BESS has a key role to play in mainstreaming the large-scale use of solar and wind power. Most obviously, it provides a guaranteed amount of electricity for a known amount of time, when renewable energy sources are not functioning – at night, for solar, or in calm conditions, for wind. The renewables-plus- BESS combination provides a valuable option for major mining and industrial projects and operations, where grid electricity is unavailable, unreliable, or too expensive.

But BESS also helps with grid stability. “BESS swiftly addresses grid challenges like under-voltages, overloads, and reactive power deficits by injecting or absorbing power,” explains Eskom Distribution, on its website. “It effectively alleviates network congestion during peak periods, significantly reducing technical losses.” It further reduces technical losses that are a side effect of long-distance electricity transmission. “BESS offers rapid power output adjustments critical for grid stability, responding to supply and demand fluctuations, minimising outages, and ensuring reliable power delivery.”

It is also most beneficial during periods of low electricity demand, again alleviating grid issues, including instability. Without BESS, in low-demand periods the output of renewable energy facilities might have to be curtailed, which would waste energy. BESS is a more economically viable option. “BESS [also] contributes ancillary services such as frequency regulation, voltage support, and reactive power control, enhancing grid reliability and power quality.”

And there is a rapidly growing market for BESS in Southern Africa.

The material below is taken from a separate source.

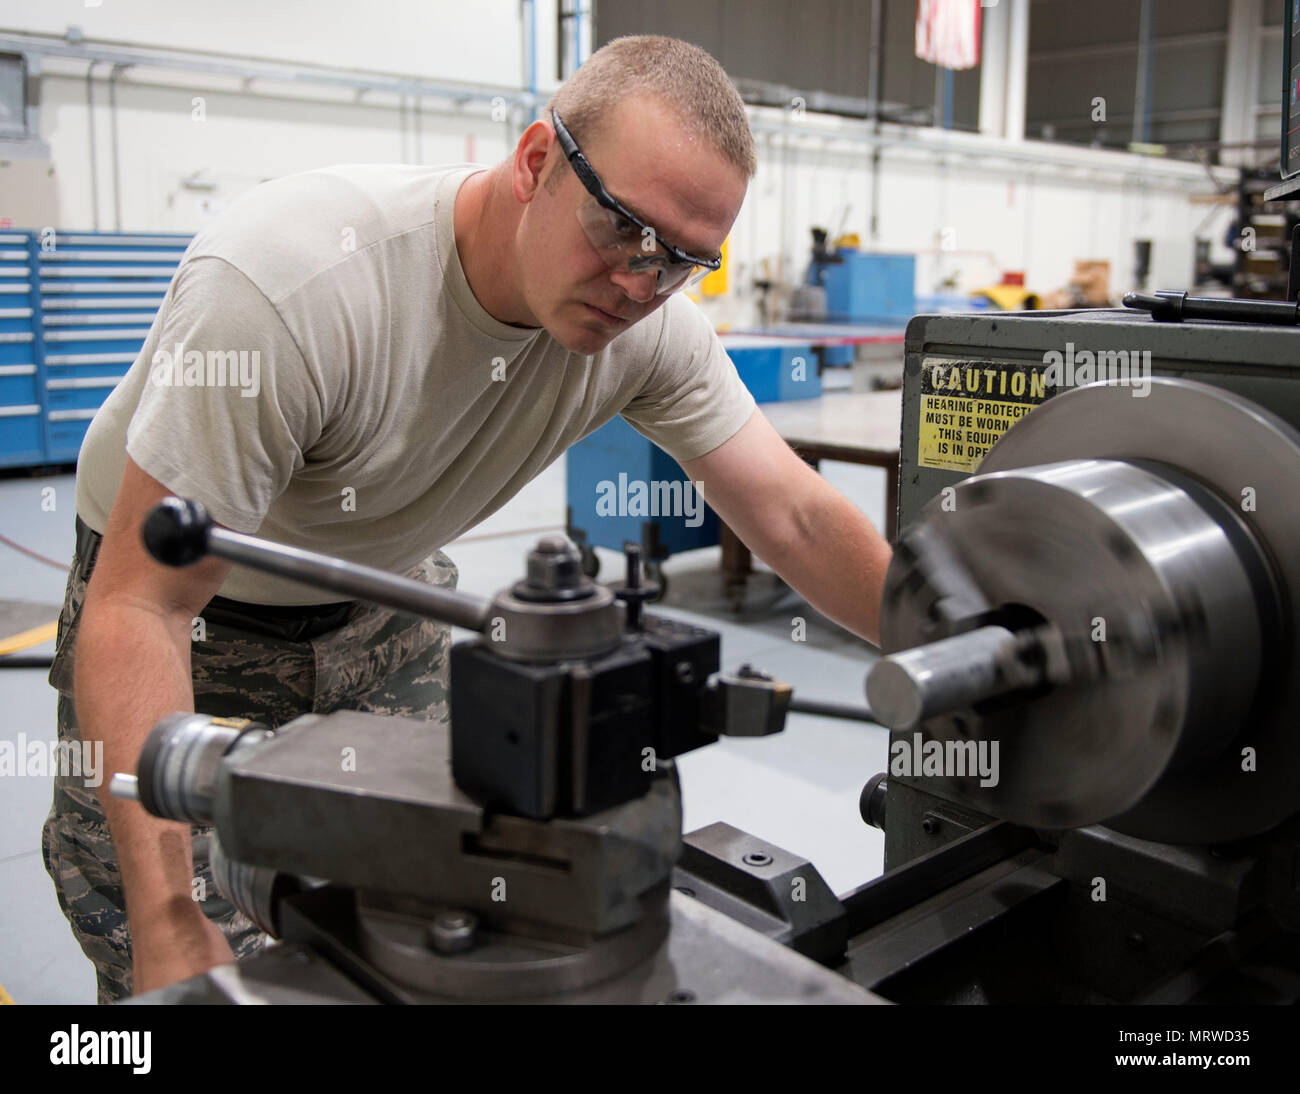 U.S. Air Force Staff Andrew Walker, a fabrication specialist with the 379th Expeditionary Maintenance Squadron uses a manual lathe to create a cylindrical part at Al Udeid Air Base, Qatar, June 5, 2017. Walker is part of a team of machinists and welders which are trained on a wide range of manual and computer numerical controlled machines to manufacture and repair aircraft components and support equipment. (U.S. Air Force photo by Tech. Sgt. Amy M. Lovgren) Stock Photo

The EY-Parthenon report for the LSF forecasts that the region will need 55 GWh of BESS capacity by 2034, which works out at a compound annual growth rate of some 30%. This demand will be mainly driven by increasing demand for BESS infrastructure for renewable energy integration with the grid, and for grid stabilisation. (For comparison, global demand is expected to grow from 1.6 TWh in 2024 to 4.9 TWh by 2034, a CAGR of 12%.)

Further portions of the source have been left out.